Les assureurs ont-ils disparu des radars de la confiance ? Les retours d’image du secteur sont fragilisés et doivent nous inviter à l’autocritique. Pour autant, il faut savoir voir le verre à demi plein. La crise actuelle a éprouvé les assureurs dans leurs limites opérationnelles. Qui aurait imaginé qu’en l’espace d’un mois, la grande majorité d’entre eux aurait été en capacité de rétablir la continuité d’activité. Pour autant, le monde de l’entreprise a redécouvert toute la valeur d’un collectif d’entreprise et du lien social. Les options binaires n’ont pas leur place. Par ailleurs, avec une augmentation de plus de 70% des flux, le contact digital s’est taillé la part du lion. Malgré l’image et les contradictions de la profession, les flux de contacts sont demeurés élevés qui font du simple assureur l’espoir d’un tiers de confiance.

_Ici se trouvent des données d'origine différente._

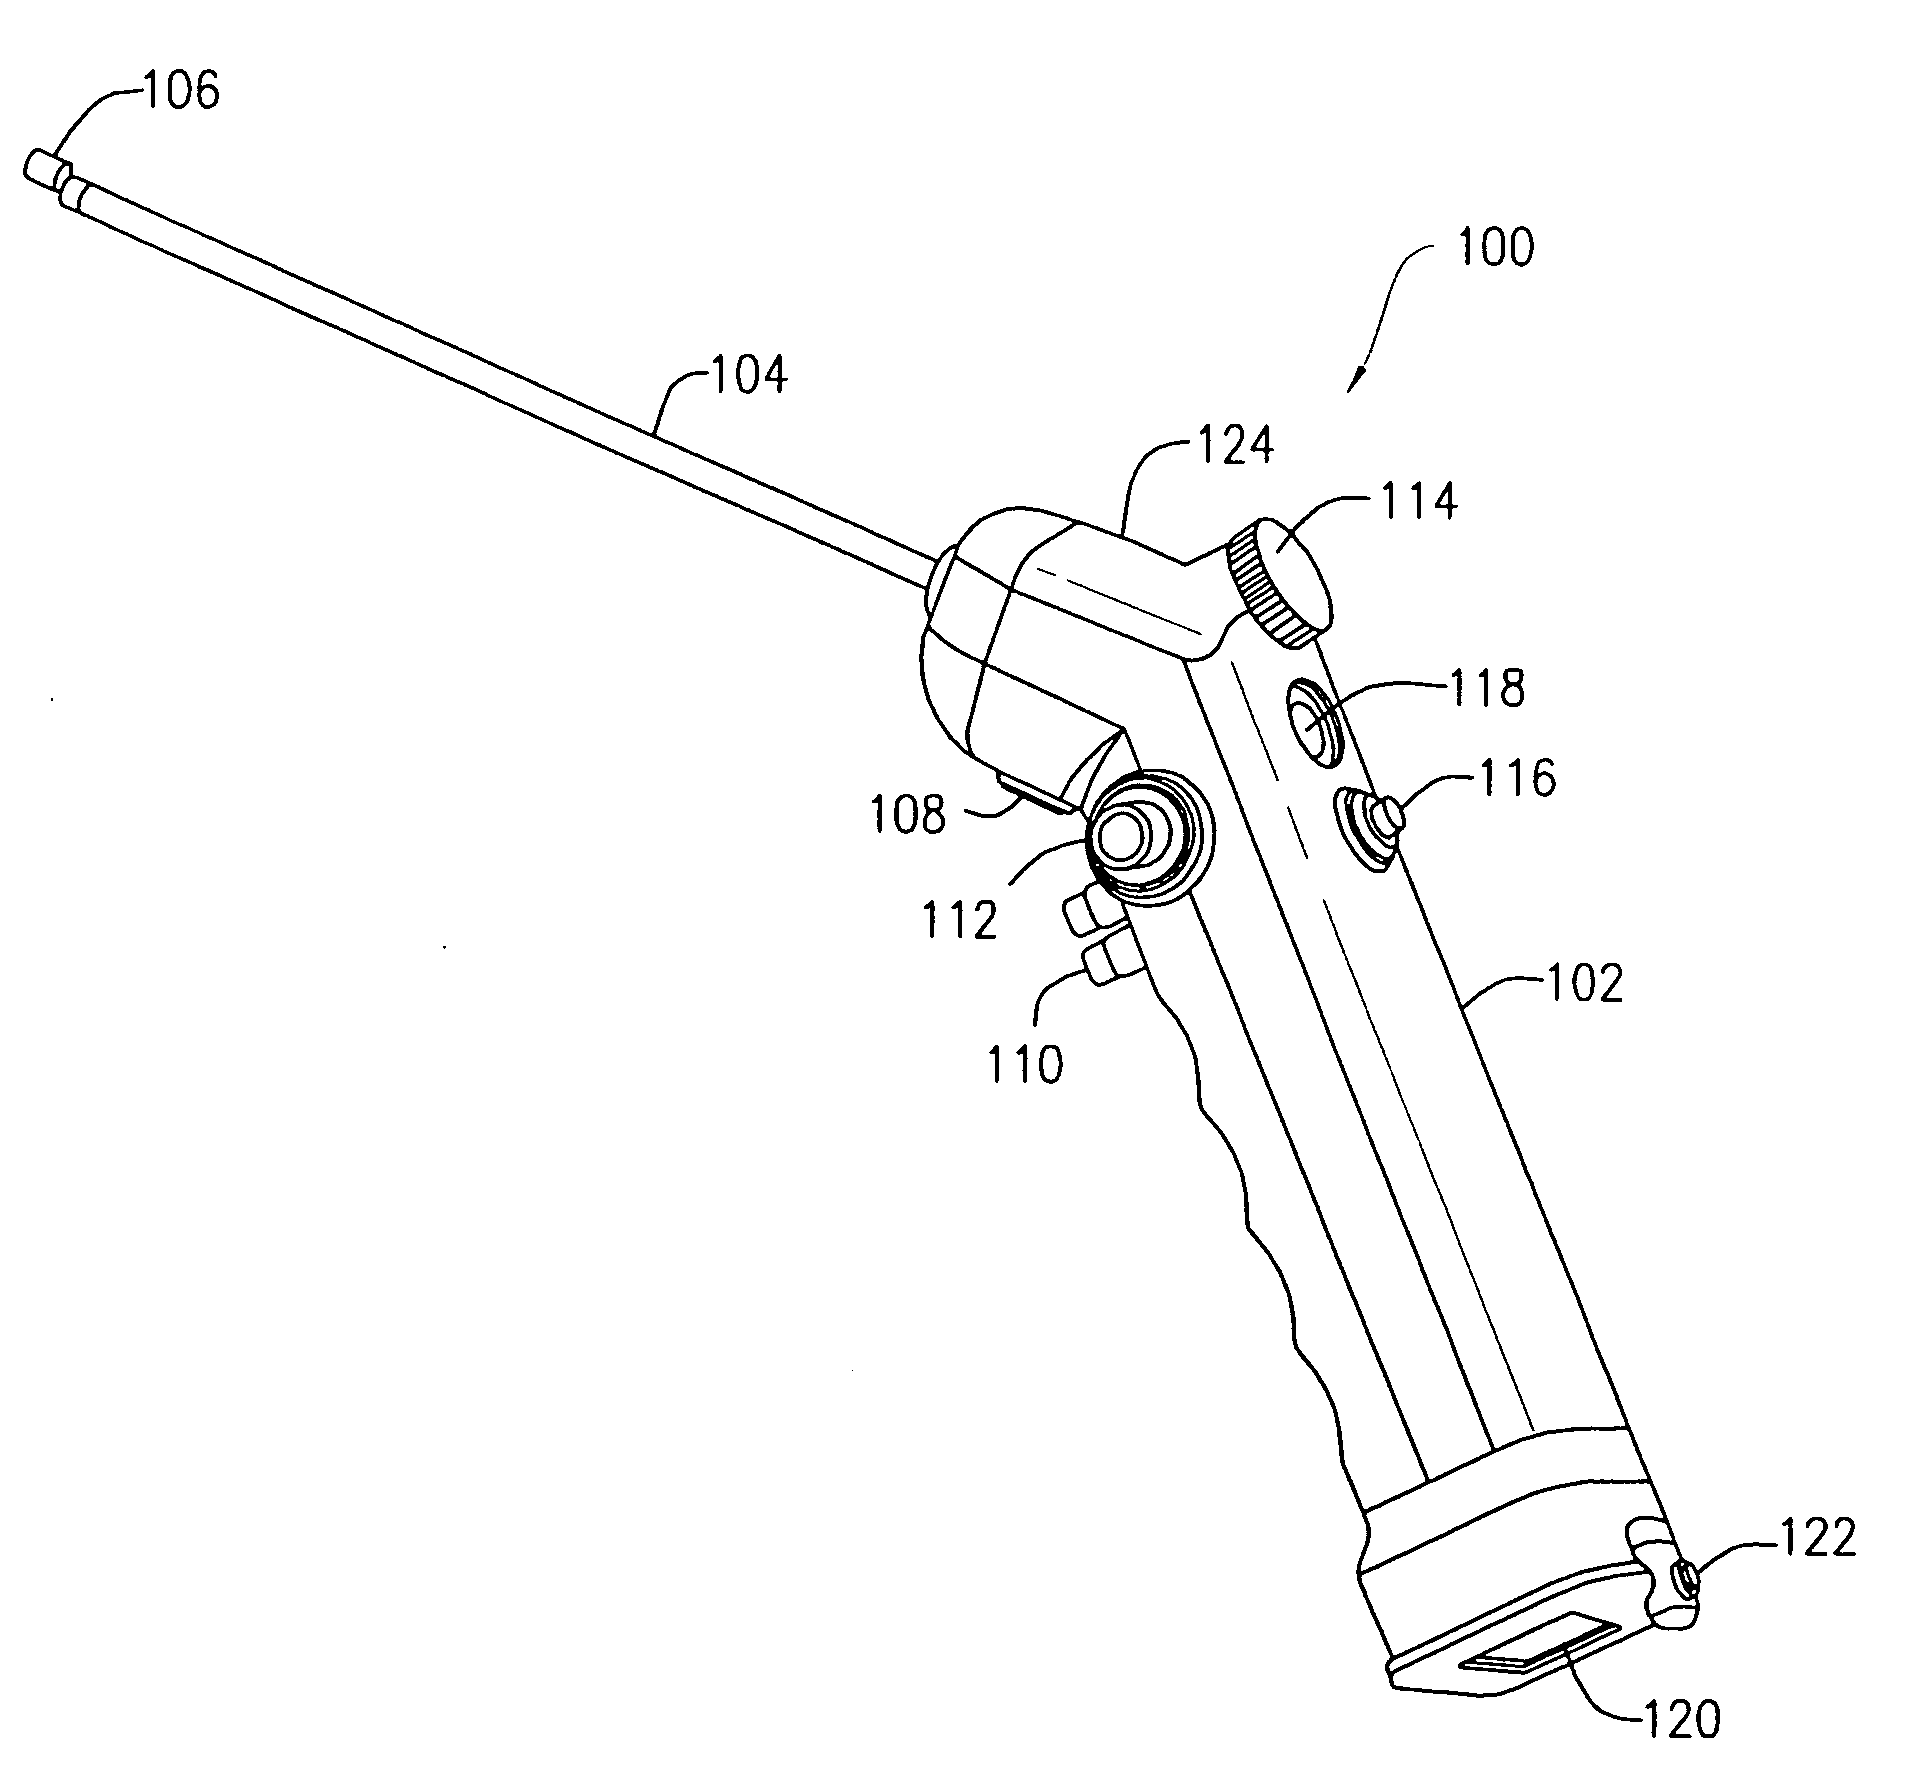 Optical surgical device and method of use

Les insurtechs n’ont pas trouvé la martingale. Traversés par des questions existentielles, les assureurs ont développé une peur paranoïaque des acteurs dits de rupture. Pourtant, si les insurtechs challengent positivement les standards de la relation, aucun n’a trouvé en 2020 la martingale. Ce serait ignorer que les assureurs sont des acteurs de la transformation rapide, des porteurs de sens et que l’assurance est plus qu’un jeu de dés. Des assureurs qui doivent avoir pour fil rouge la simplicité, l’utilité, la transparence, trois mots emplis d’exigences s’ils ne sont pas renvoyés au stade de concepts et de formules.

En conclusion, dans une période particulièrement anxiogène autant qu’inédite, les acteurs de l’économie et du risque doivent porter un cap et un espoir. Je retiendrai alors la formule de celui qui par l’histoire a connu les moments les plus sombres « S’il m’était possible, j’écrirais le mot assurance dans chaque foyer … », Winston Churchill.